The poem which originally inspired the fog series is made up of suites. I decided to follow that same pattern when conceptualizing my fog suite paintings. Because I had stockpiled a lot of canvases some of the grouping of paintings came about because of the number and sizes of what I had on hand and other groupings were driven by how the colors worked together. That was my initial way to group the paintings, by color and size.
I then searched for a poem for each color that could tell the story of the color. Source photos fed into this process also. Although it seems formulaic as I write it here, it really felt rather intuitive. I recall finding a poem for a color/image and saying "this is perfect". I love how the process itself introduced me to new poets and poems and how I had new words and thoughts to guide my painting process.
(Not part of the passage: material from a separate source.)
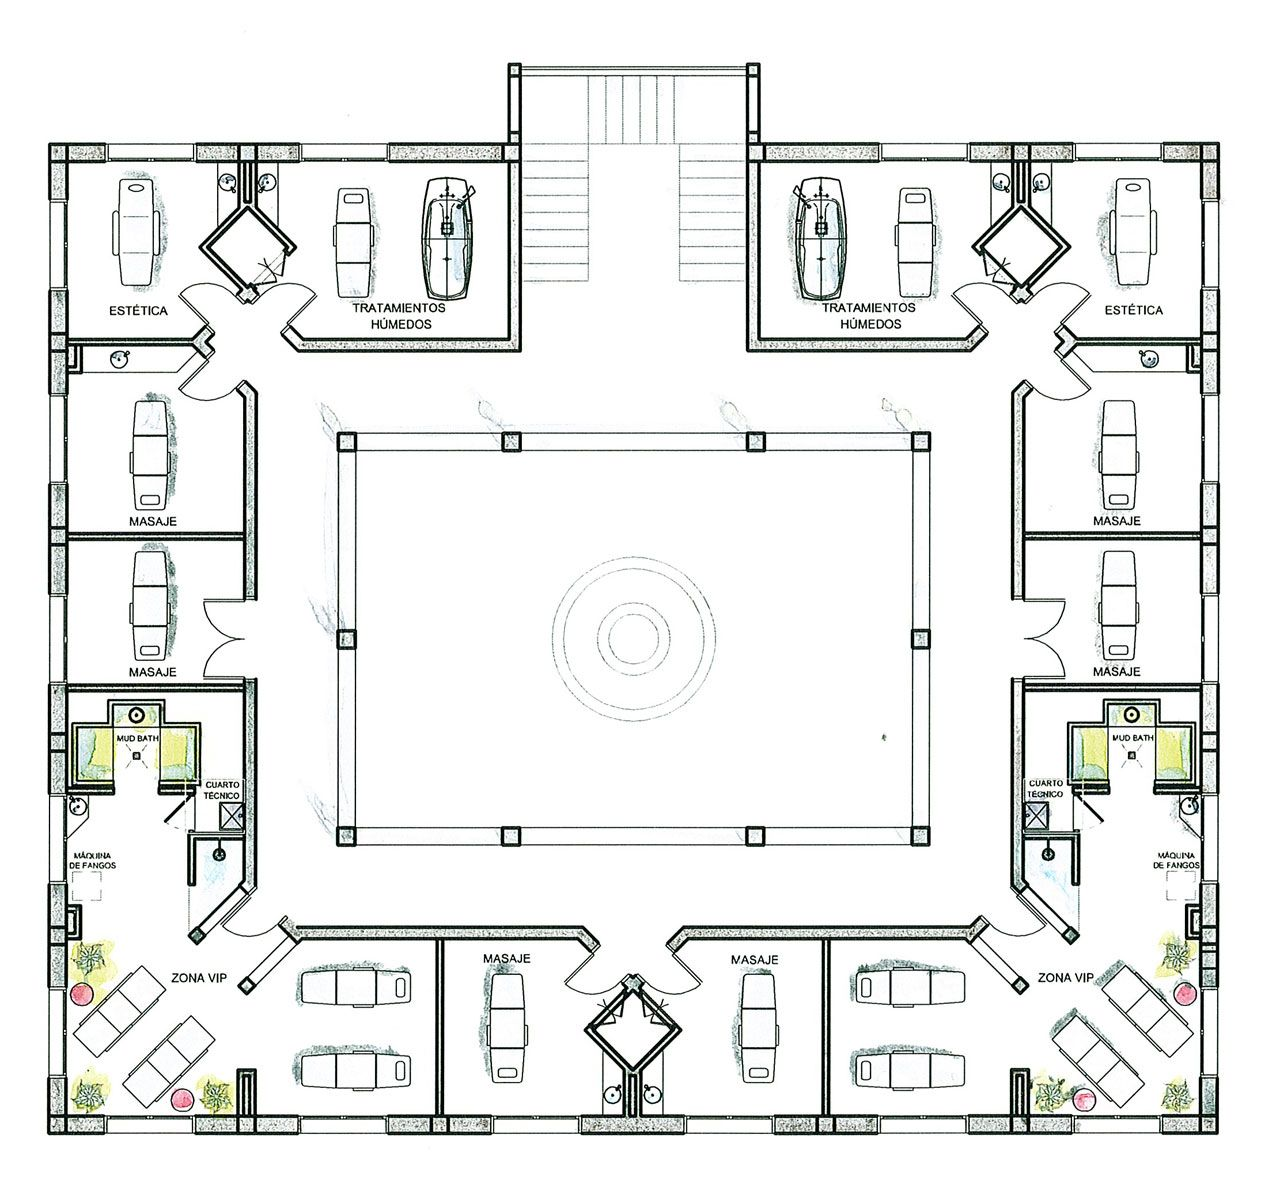 Proyectos destacados majestic elegance planos for Planos de oficinas pequenas
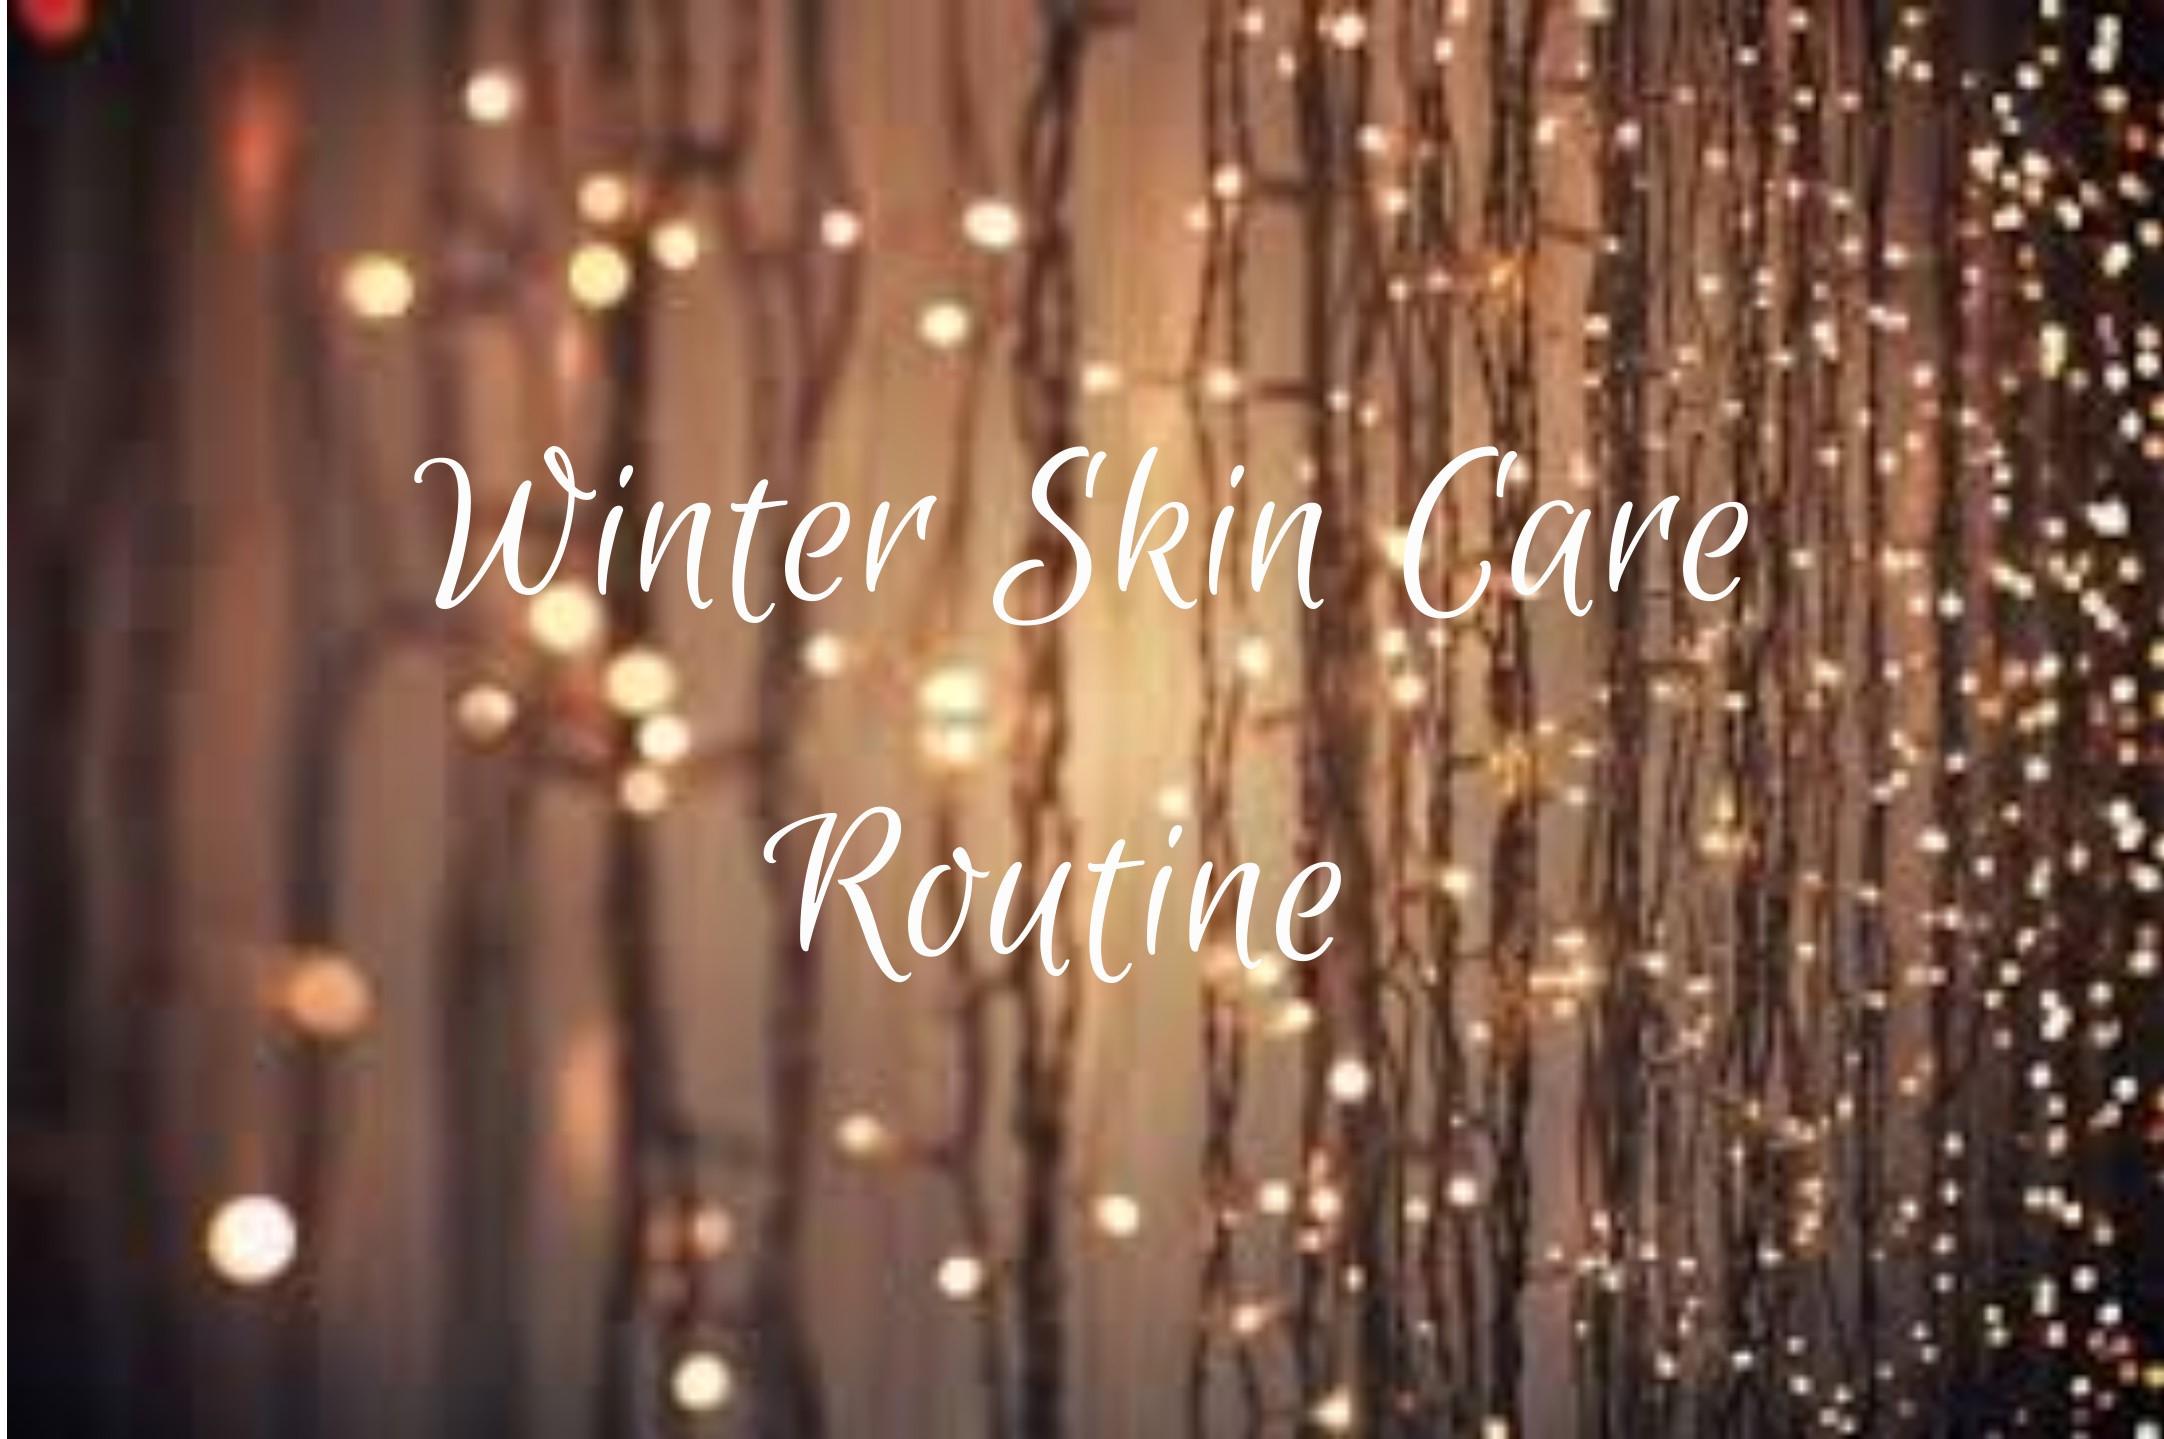 Winter-skin-care - Ari Wyant.jpg

Despite the paintings being titled after the color, they really do hold a lot of the sentiment of the selected poem.
Silhouette, 36x48" oil on canvas, Sharon Kingston 2021
“Every year she awaits the arrival of the Perseids, those familiar friends stream like curtains, just behind, the silhouette of hands, “Hello,” and “Goodbye,” in the same instant and meaning the same. . Every year they fall in familiar voices. They sing swift in silver and blue. She cannot tell if the song is sad or joyous, and that is okay. . Their presence breaks through cloud banks and hot tears where the sky and the water are the same color. There is no difference there, either, or anywhere.”
It doesn't matter to me that I wasn't painting stars and this is a poem about shooting stars. What I like about the poem is the anticipation of something special happening in the sky. When I lived on the lake facing East, I would spend many mornings watching the ever changing and fantastic dawn. It was a daily ritual to catch some beautiful unfolding moment--ephemeral and numinous. I captured so many treasured scenes that I still use, many years later, as source material for paintings. This painting is based on one of those morning moments.
There is a deep and warm darkness in the horizon and water (where the sky and the water are the same color) where I created the color of silhouette from layers of umber and rosso veneto and german earth. I knew at the beginning of the painting that I would pair this darkness with a warm, pink illumination to soften and caress those shadowed spaces. There is in the painting, as in the poem, a breaking through the cloud banks--just with the light of the dawn (which has its own way of swiftly shifting colors).